Merkley aims to help small banks

WASHINGTON — Now that many small banks are staggering under losses from real estate and business loans, Sen. Jeff Merkley, D-Ore., said they deserve the same federal aid given to big Wall Street banks over the past year.

Merkley introduced a plan to bail out small banks on Wednesday — the same day the White House announced a similar idea to help community banks lend to small businesses.

Although economists have disagreed about the rationale for bailing out community banks, Merkley, the banking lobby and Cascade Bancorp CEO Patricia Moss have argued that helping smaller lenders would boost the economy by providing a key source of credit for small businesses.

“What it does recognize, is that we’re all in this economy together,” Merkley said Wednesday in a phone interview. “We can assist (small banks) by creating a program for them to access TARP funds, but do so in a responsible way.”

While it’s true that smaller banks provide more credit for local consumers and businesses, the economic rationale for saving them isn’t as strong as the justification that drove the bailout of the nation’s largest banks: Their failure threatens the entire U.S. economy, said University of Oregon economics professor Tim Duy. So far this year, 99 banks have failed, according to a count by the Wall Street Journal.

“If they’re profitable, one would expect other banks to emerge into these markets,” Duy said. “Should Small Bank A in Bend be closed, its assets would be purchased by Medium Bank B, and the lending would just be shifted from Bank A to Bank B.”

Merkley’s plan would work like a small-scale version of the bank bailout put in place as part of the $700 billion Troubled Asset Relief Program that passed last year.

For banks with less than $5 billion in assets, federal regulators would perform “stress tests” to gauge how much money small banks would need to weather the recession while increasing lending to small businesses.

The government would put up half of the needed capital, leaving the bank responsible for finding the rest from private investors. As a condition of receiving the money, banks would be required to increase small-business lending by 5 percent over 2009 levels.

The federal funds — up to $15 billion — would be drawn from the TARP program. The money would be given in exchange for preferred stock — nonvoting shares that would be repurchased with interest by the bank over time — in an arrangement similar to a loan. The bill includes penalties for banks that don’t increase lending and incentives for those that lend more than the federal targets.

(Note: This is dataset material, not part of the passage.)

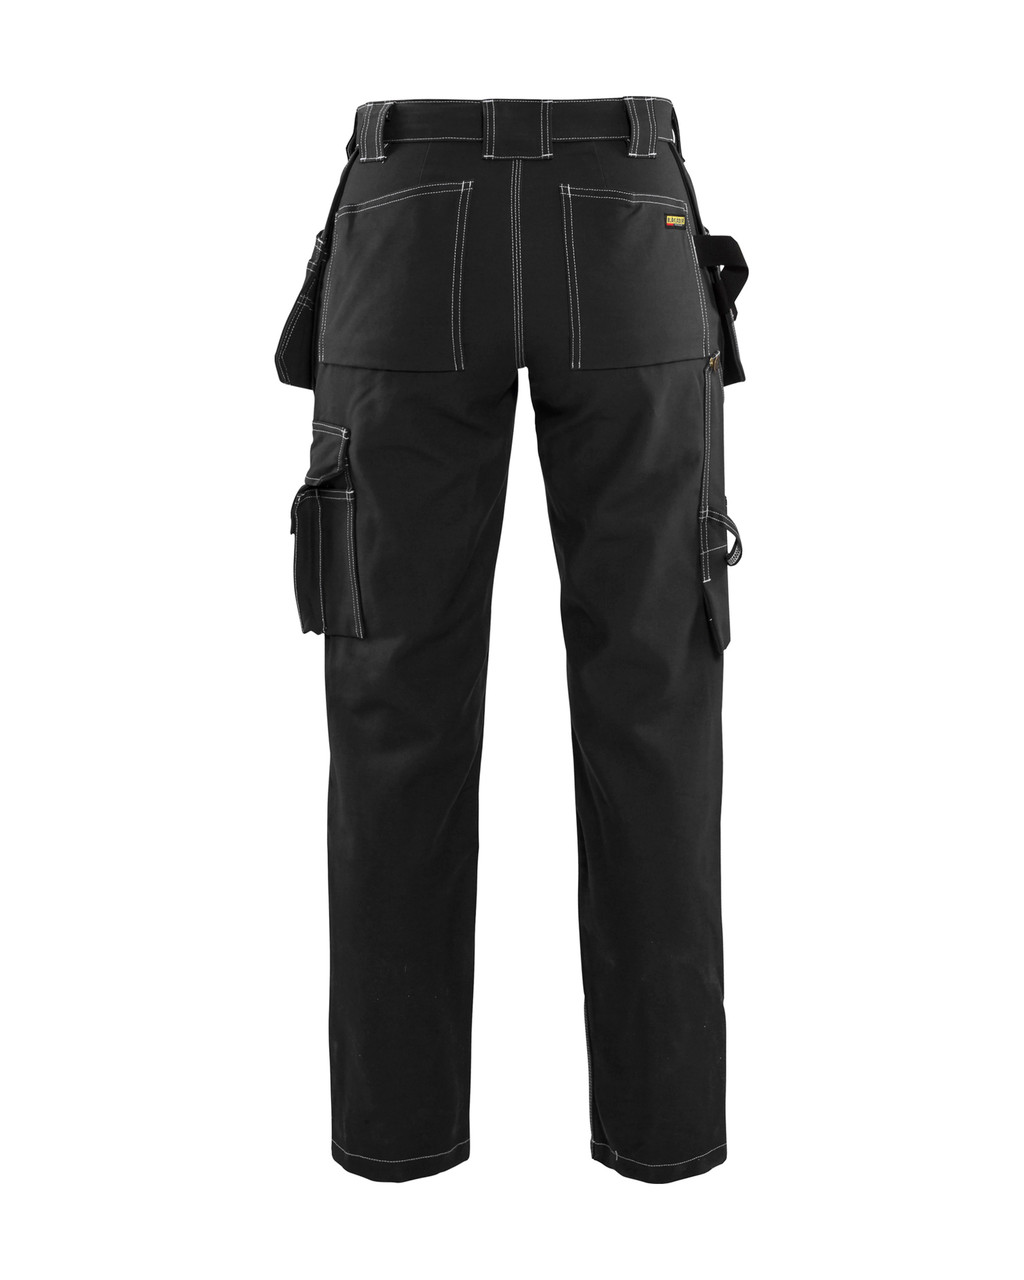 Craftsman Hardware supplies BLAKLADER workwear range including Trousers with Holster Pockets for the Carpentry to support Women in Construction in Sydney

Last week, Moss, who heads the parent company to Bend’s Bank of the Cascades, said an earlier draft of Merkley’s ideas made sense and would be a boon to smaller banks. Cascade Bancorp announced a plan to raise $70 million by selling stock, earlier this month, in order to shore up its finances, after being instructed to raise capitol by the Federal Deposit Insurance Corp. in August.

Merkley’s plan followed the outlines of a proposal advanced by the American Bankers Association earlier this year.

In testimony before the U.S. House Committee on Small Business on Sept. 23, Virginia banker and ABA member Austin Roberts III said that just $5 billion in TARP funds would invigorate lending by small banks.

That money, when matched by private investments, would let banks “continue meeting the credit needs of their communities without having to shrink to comply with minimum regulatory capital requirements,” Roberts said. “The comparatively small sums of money that would be invested in these struggling but viable banks would pay big returns for the communities they serve.”

Merkley introduced his bill a few hours before President Barack Obama announced his own plan to increase lending to small businesses.

In a speech in Maryland on Wednesday, Obama also argued that an injection of federal money for community banks would increase lending to businesses.

“These are the community banks who know their borrowers, who gave them their first loan, who’ve watched them grow from down the street — not from Wall Street,” Obama said. “And when banks like these are hit by recession and financial crisis, creditworthy small businesses lose out.”